LLM 25-Day Course - Day 18: Fine-Tuning Concepts and Strategies

Day 18: Fine-Tuning Concepts and Strategies

Fine-tuning is the process of adapting a pre-trained LLM to your data and use case. However, fine-tuning is not always the answer. Today we learn the criteria for deciding when and how to fine-tune.

Prompting vs Fine-Tuning Decision

Before fine-tuning, first check whether prompt engineering can solve the problem. Use the following criteria to decide.

# Decision tree expressed as code
decision_tree = {
    "Does the current model + prompt produce the desired quality?": {
        "Yes": "Fine-tuning not needed. Focus on prompt optimization",
        "No": {
            "Does Few-shot + RAG improve results?": {
                "Yes": "Build a RAG pipeline recommended",
                "No": {
                    "Is domain-specific knowledge needed?": {
                        "Yes": "Proceed with fine-tuning (LoRA/QLoRA recommended)",
                        "No": {
                            "Do you need to change output format/style?": {
                                "Yes": "Proceed with SFT (Supervised Fine-Tuning)",
                                "No": "Consider switching to a larger model",
                            }
                        }
                    }
                }
            }
        }
    }
}

# Decision criteria summary
criteria = [
    ("Prompting is sufficient", "General questions, simple format conversion, translation"),
    ("RAG is appropriate", "Up-to-date information needed, internal document-based Q&A"),
    ("Fine-tuning needed", "Domain-specific terminology, specific output style, consistent persona"),
]
for method, usecase in criteria:
    print(f"[{method}] {usecase}")

Full Fine-Tuning vs Parameter-Efficient Fine-Tuning

Full Fine-Tuning updates all parameters. It is effective but requires enormous GPU memory. PEFT (Parameter-Efficient Fine-Tuning) trains only a small number of parameters to achieve similar results.
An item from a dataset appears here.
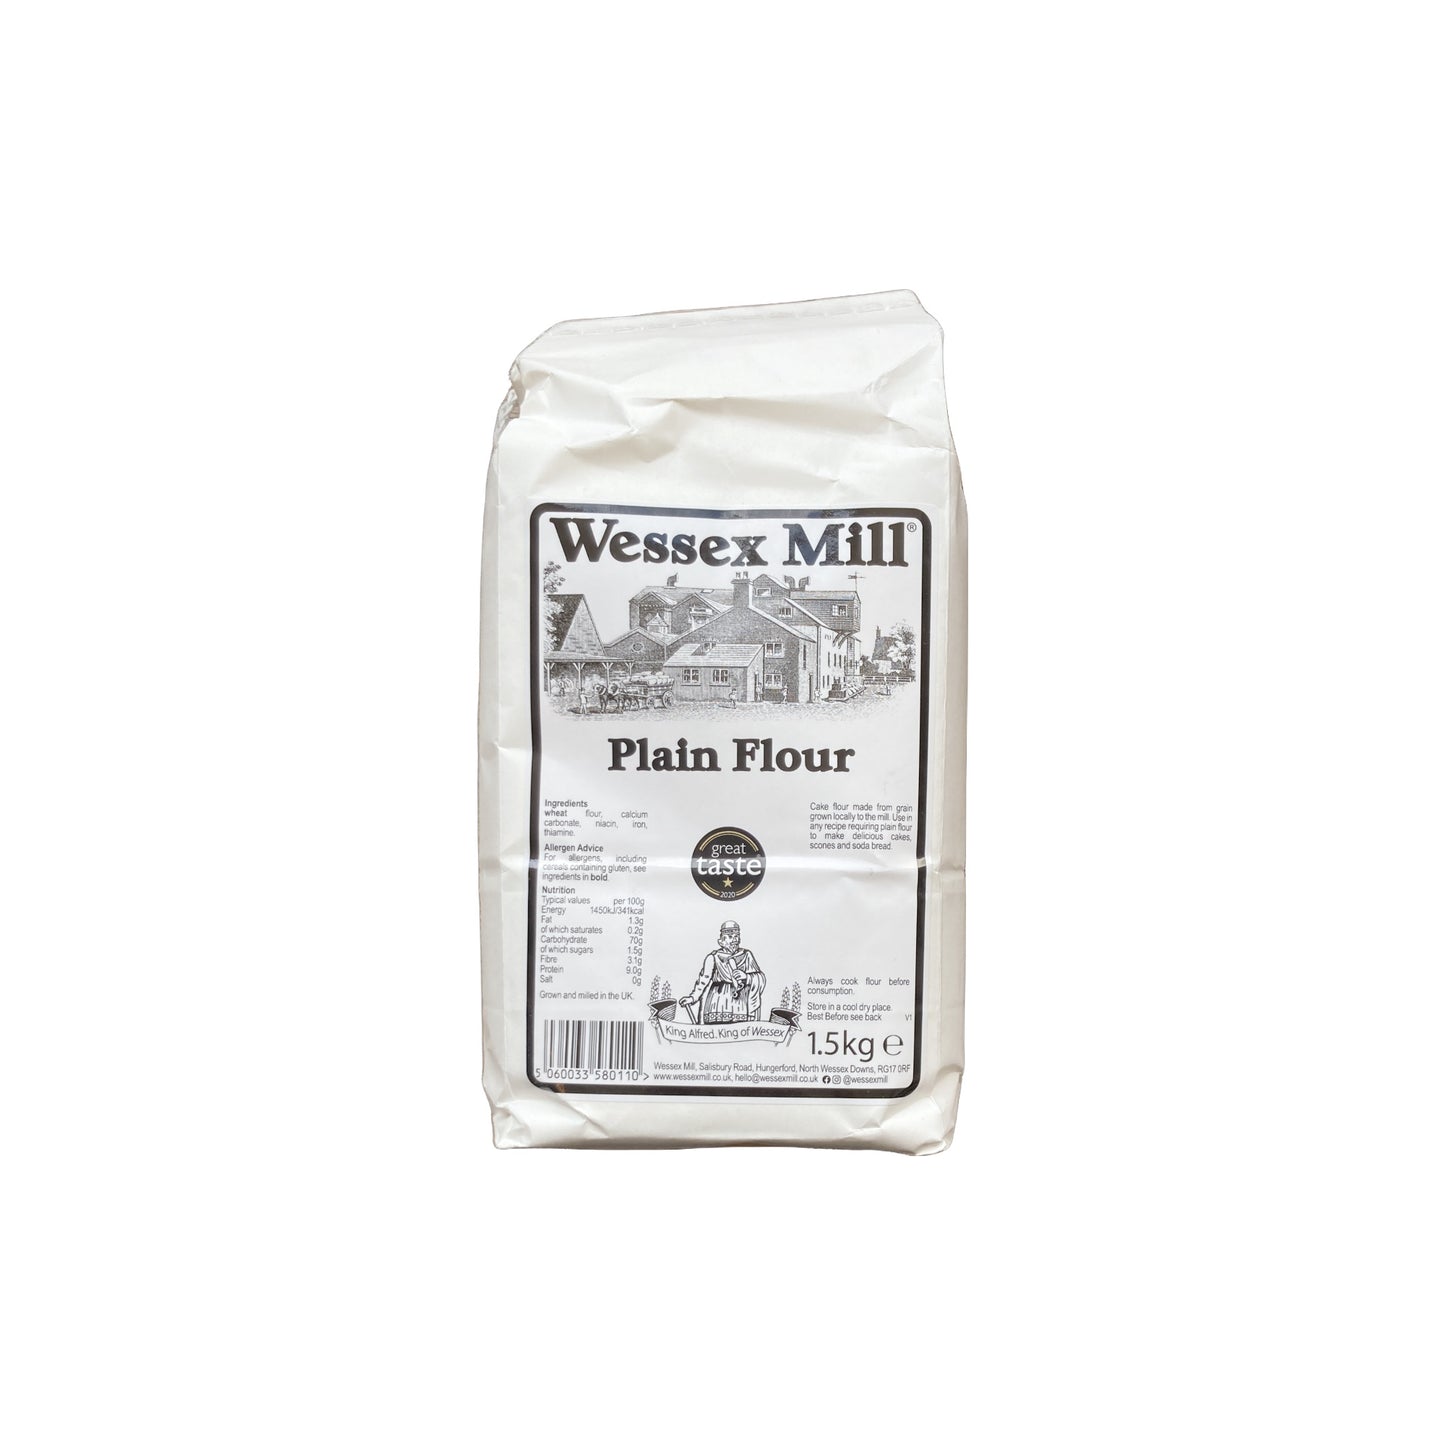 Wessex Mill Plain Flour 1.5kg

# Comparison table by fine-tuning method
comparison = {
    "Method":        ["Full FT",    "LoRA",    "QLoRA",   "Prompt Tuning"],
    "Trained params": ["100%",      "0.1~1%",  "0.1~1%",  "<0.01%"],
    "GPU memory":    ["7B=28GB+",  "7B=16GB", "7B=6GB",  "7B=16GB"],
    "Training speed": ["Slow",      "Medium",  "Medium",  "Fast"],
    "Performance":   ["Best",      "Very good","Good",    "Limited"],
    "Recommended":   ["Large budget","General", "GPU limited","Quick experiments"],
}

# Print table
for key, values in comparison.items():
    print(f"{key:16} | {'  |  '.join(values)}")

Data Requirements Guide

# Recommended data volume by fine-tuning task
data_requirements = {
    "Text classification":  {"min": "500",     "recommended": "2,000~5,000",   "note": "100+ per class"},
    "Sentiment analysis":   {"min": "1,000",   "recommended": "5,000~10,000",  "note": "Label balance important"},
    "Summarization":        {"min": "1,000 pairs", "recommended": "5,000~20,000 pairs", "note": "Source-summary pairs"},
    "Dialogue (chatbot)":   {"min": "500 convos",  "recommended": "3,000~10,000 convos", "note": "Include diverse scenarios"},
    "Domain adaptation":    {"min": "5,000",   "recommended": "10,000~50,000", "note": "Domain text"},
    "Code generation":      {"min": "2,000 pairs", "recommended": "10,000~50,000 pairs", "note": "Description-code pairs"},
}

for task, info in data_requirements.items():
    print(f"\n[{task}]")
    print(f"  Minimum: {info['min']}, Recommended: {info['recommended']}")
    print(f"  Note: {info['note']}")

Key principle: Quality matters more than quantity. Well-curated 1,000 samples are better than noisy 10,000 samples. Always manually review your data before fine-tuning.

Fine-Tuning Cost Estimation

For a 7B model, LoRA fine-tuning takes 1~~3 hours on a single A100. Cloud GPU costs (Lambda, RunPod, etc.) are around $1~~3 per hour, so expect approximately $5~10 per training run.

Today’s Exercises

Choose one of your real-world tasks, follow the decision tree above, determine whether prompting/RAG/fine-tuning is appropriate, and document the reasoning.
Research the parameter counts and model sizes (GB) of 7B, 13B, and 70B models on Hugging Face Hub, then estimate the GPU memory required for Full FT/LoRA/QLoRA for each.
Investigate how fine-tuning data can be collected in your domain (medical, legal, finance, etc.) and document at least 3 data sources.